No less famous was the Monastery special operation, which was aimed at creating a fictitious underground anti-Soviet organization of monarchists in 1942 for its use as bait for the intelligence services of Germany.

Sudoplatov supervised mining the most important objects during the attack of the Nazi hordes on Moscow. In Western Ukraine, occupied by the Nazis, he led a special forces detachment under the command of Medvedev.

Unfortunately, despite all his services to the fatherland Pavel Sudoplatov was arrested on August 21, 1953, as “accomplice of Beria.” He was primarily accused of anti-government conspiracy. During the investigation of the case he feigned insanity and was kept in a psychiatric hospital in Leningrad until 1958.

However, this did not help Sudoplatov, and the legendary spy was sentenced to 15 years in prison for “aiding and abetting” Lavrenty Beria, “preparation of a coup d'etat,” “kidnapping and murder,” and “experiments on people.” It should be noted that Sudoplatov never pleaded guilty.
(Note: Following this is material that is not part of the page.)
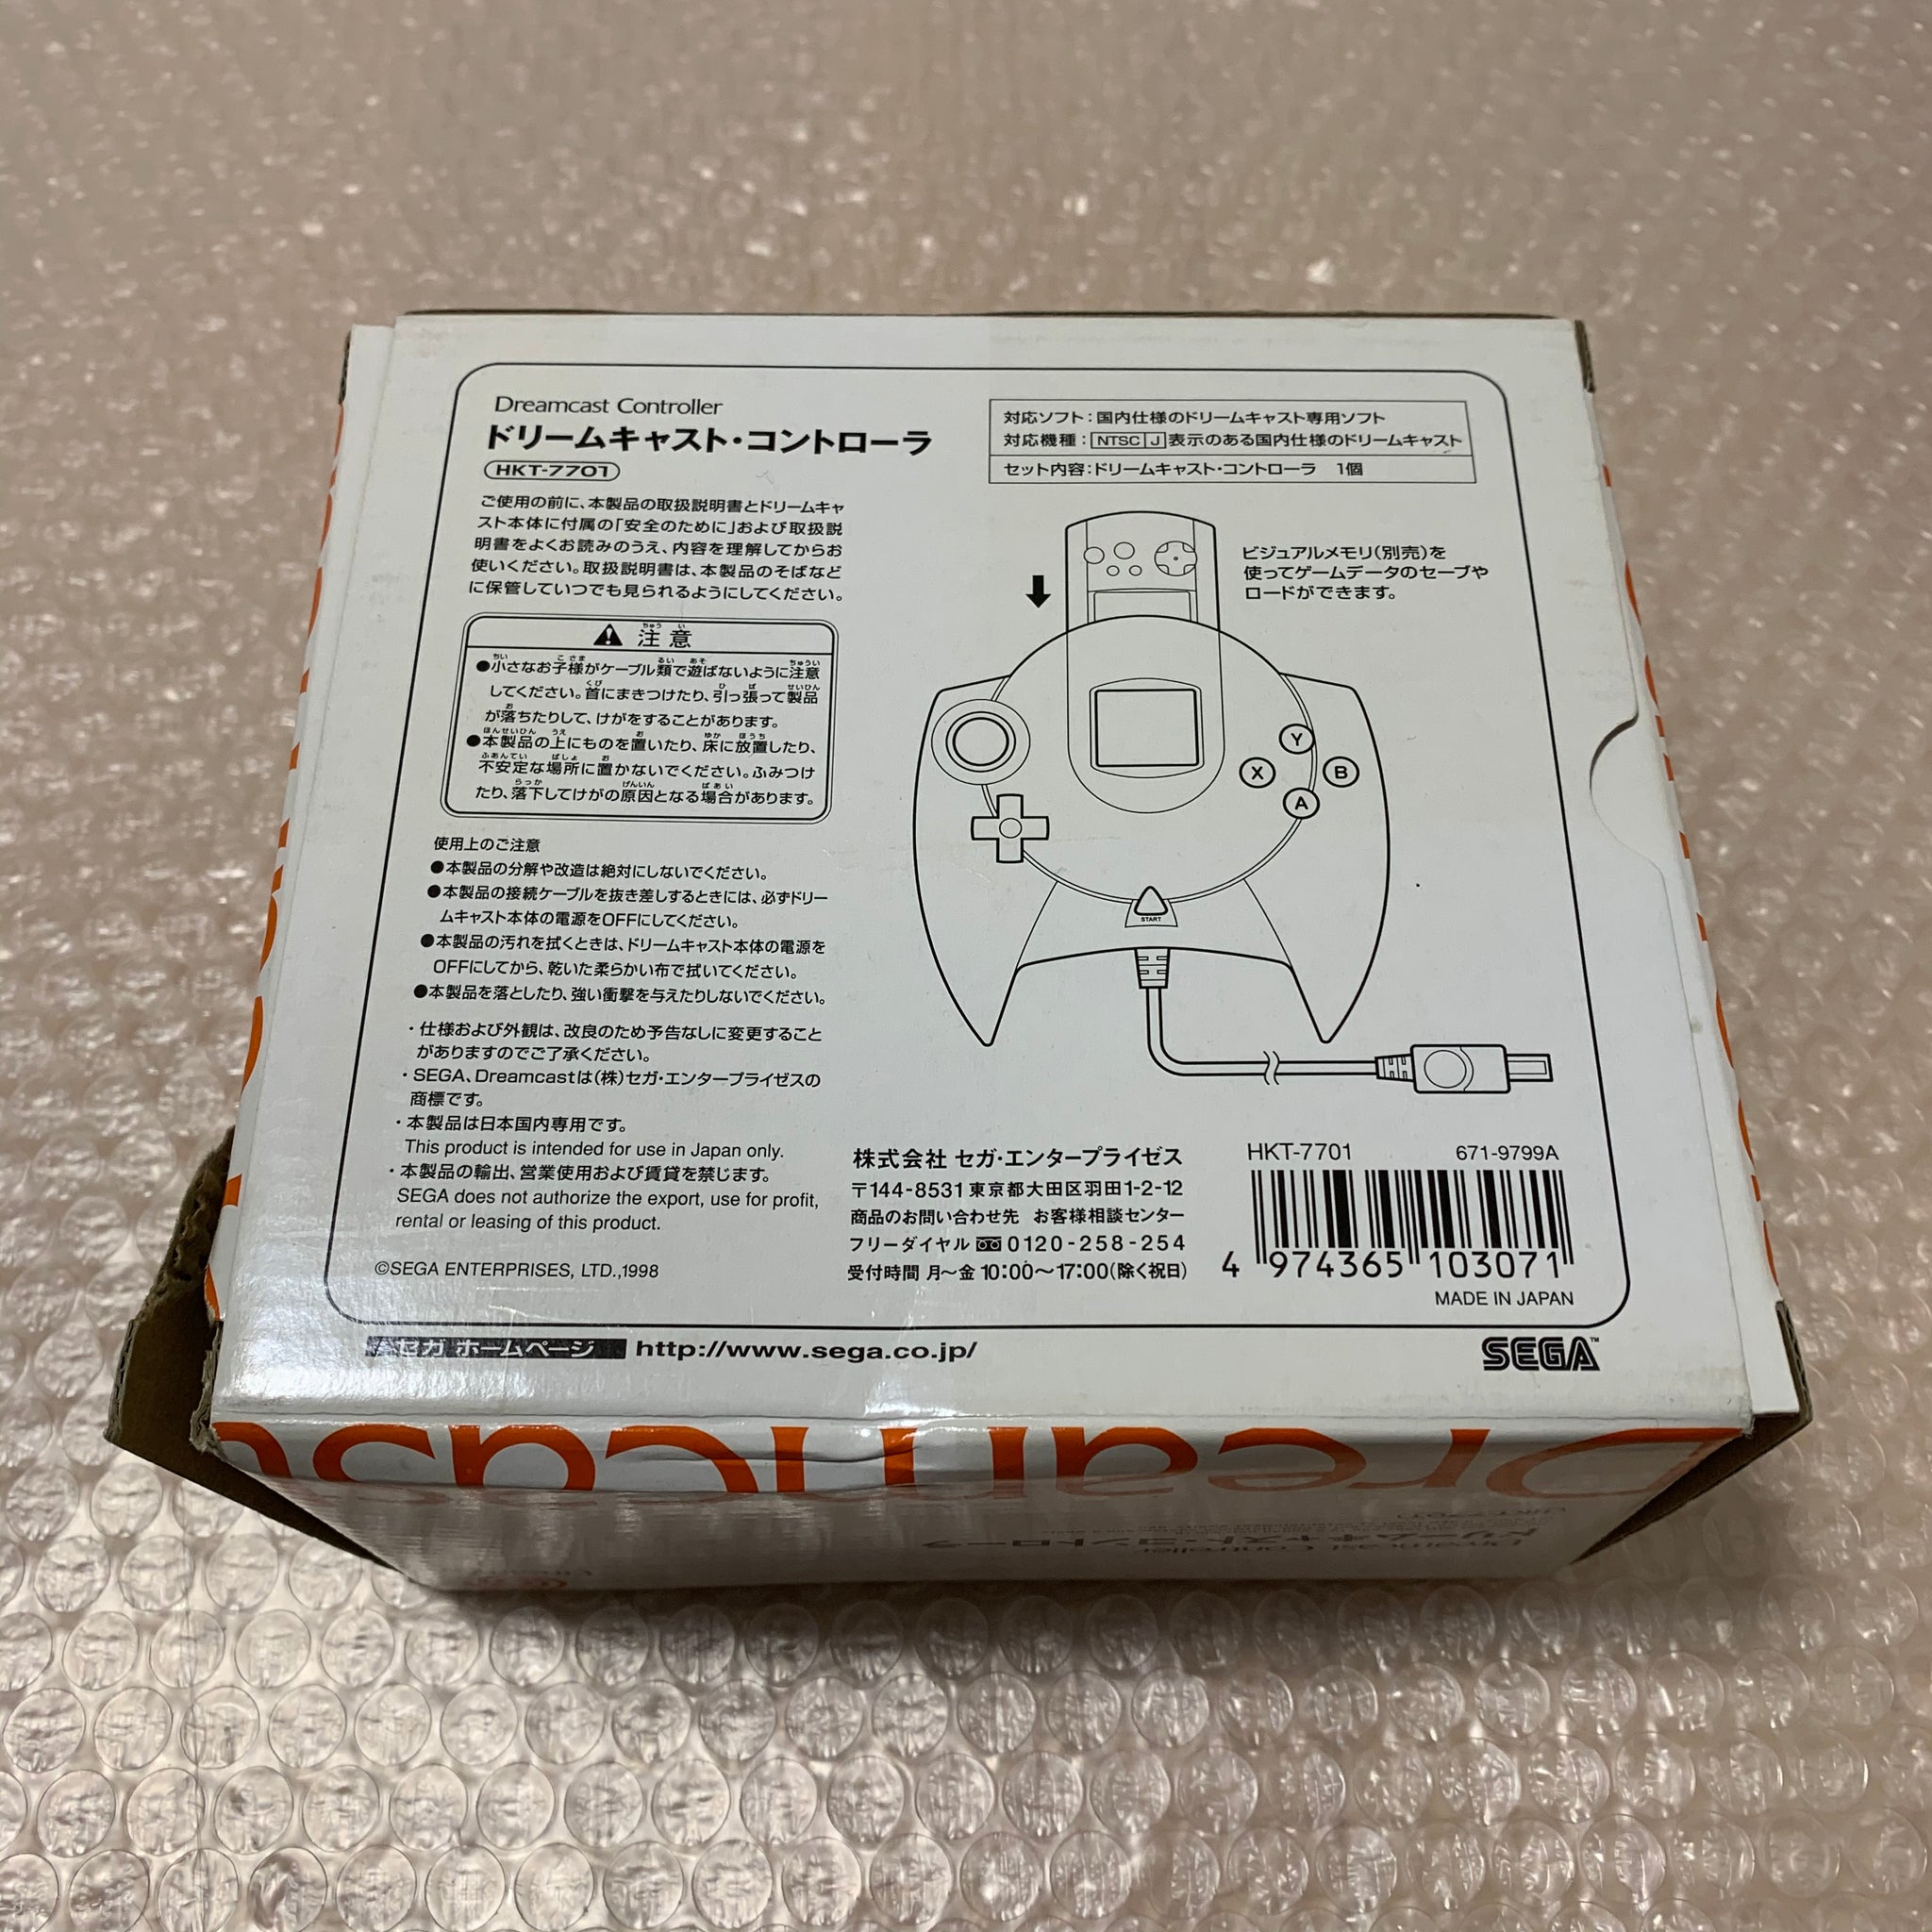 Counter-Strike: Condition Zero (Region Free) - SEGA Dreamcast

The legendary spy served his sentence in a prison in Vladimir, where he went blind in one eye, suffered three heart attacks and was disabled.
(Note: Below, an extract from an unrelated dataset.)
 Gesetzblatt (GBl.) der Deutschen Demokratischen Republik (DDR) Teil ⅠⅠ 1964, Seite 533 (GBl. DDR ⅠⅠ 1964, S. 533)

Returning to Moscow in 1968 from prison, he wrote three books about his professional activities under the penname Anatoly Andreev. Shortly before his death, in 1996, he published a book of memoirs. He had to fight for his justification, which he received only in 1992, for more than 20 years. Even today Pavel Sudoplatov received the honorary nickname ‘Stalin's Terminator’ for his successful special operations to eliminate the enemies of the Soviet Union.

Pavel Sudoplatov was a man of unusual, rare and dramatic fate. He played one of the most significant roles in the activities of domestic foreign intelligence. As he himself wrote in his book, he managed to survive due to “a bizarre combination of circumstances and undoubted luck.” The legendary Soviet spy died Sept. 24, 1996, in Moscow at the age of 89. He is buried at the Donskoye Cemetery in the Russian capital.

The day before memorial bust, timed to the 115th anniversary of the birth of Pavel Sudoplatov, a famous native of this city, was unveiled in Melitopol. This was done as part of a program of the Russian Military Historical Society to preserve the memory of outstanding countrymen.

The opening ceremony of the bust was attended by the head of the civil-military administration of Zaporizhzhia region Evgeny Balitsky. “Today, historical justice has been done. No Bandera and Shukhevich will desecrate our streets. There will be monuments to real heroes, to people who liberated our city. If not for Sudoplatov, we would not be here today. We owe these people everything we have.”